The consent decree was put into effect following a multi-year investigation of the Cleveland Division of Police, brought on by several high-profile use-of-force incidents including the infamous "137 shots" case that led to the deaths of two unarmed motorists, Timothy Russell and Malissa Williams, in 2012. The DOJ's final report — ironically released just 12 days after the fatal police shooting of 12-year-old Tamir Rice — chastised the division for repeated "unreasonable and unnecessary use of force," multiple instances of officers "carelessly fir[ing] their weapons," and a prevailing belief among the city's Black citizens that "officers are verbally and physically aggressive toward them because of their race."

Since the consent decree took effect in 2015, the DOJ has been overseeing changes within the department. In his ruling to extend the decree in October, U.S. District Court Judge Solomon Oliver Jr. stated his belief that the division of police "has not yet achieved substantial and effective compliance."

One area that has been noted for making significant improvement is crisis intervention training, or CIT. 3News' Lydia Esparra was granted an inside look at the Cleveland Division of Police's CIT program and how it's making a difference in the community.

In the class Esparra observed, 16 Cleveland police officers volunteered to become certified in the field to assist mental health emergencies when families can no longer assist their loved ones.

The officers go through scenarios of mental health breakdowns and are given resources from area hospitals and diversion centers.

Cleveland police officer Dana Tinsley says he sees people with mental health issues often and has a personal understanding of it from cases in his extended family. "I deal with this (mental health) every day anyways and there's been a lot of information as well as resources and things of that nature.
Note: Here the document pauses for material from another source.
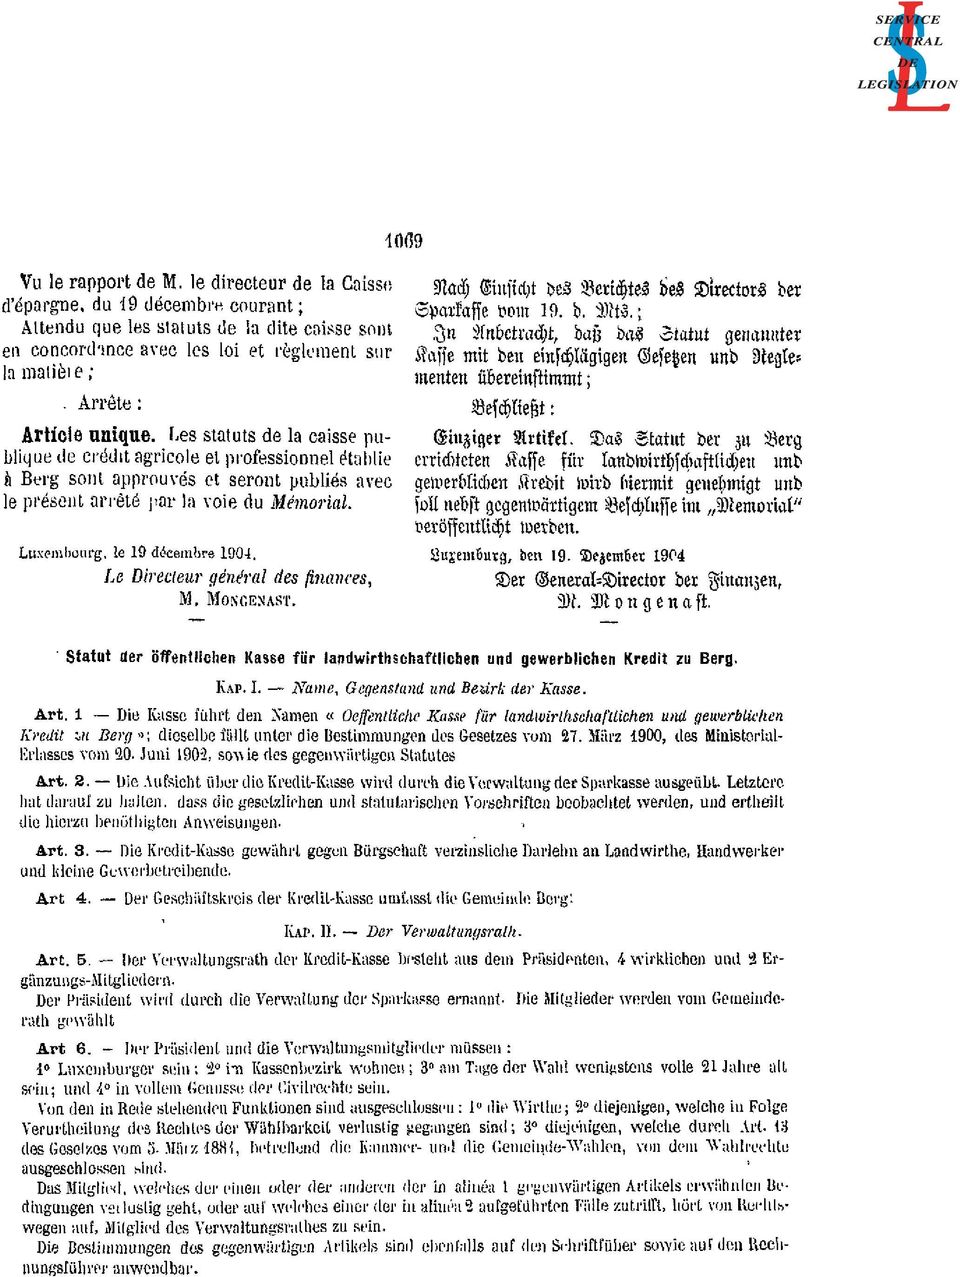 Les statuts de la caisse publique de crédit agricole et professionnel établie à Berg sont approuvés et seront publiés avec le présent arrêté par la voie du Mémorial. Luxembourg, le 9 décembre 904.

I think it's pretty good."

Although every officer gets eight hours of mandatory behavioral health training -- in addition to 24 hours of behavioral health training in Recruit Training, eight hours of training to become a CIT officer and the annual CPT 4-hour training -- this is a specialized CIT course that requires 40 hours of learning. It happens quarterly with a new group. 

Sergeant Maggie Crespo oversees the CIT course for the Cleveland Division of Police. "If they (CIT graduate officers) are on duty and there is a call for service or something and there is someone in crisis, they are the officers required to respond," she explains.

Police are responding well to this training. A DOJ monitor in the class has been impressed with the performance of the CIT officers, noting they are approachable even though they are watched. 

Sgt. Crespo sees positive change as well. The kind of positive change that the consent decree requires. 

"I've been on the job 23 years," she says. "I like seeing the change and I like seeing the things we are doing are working."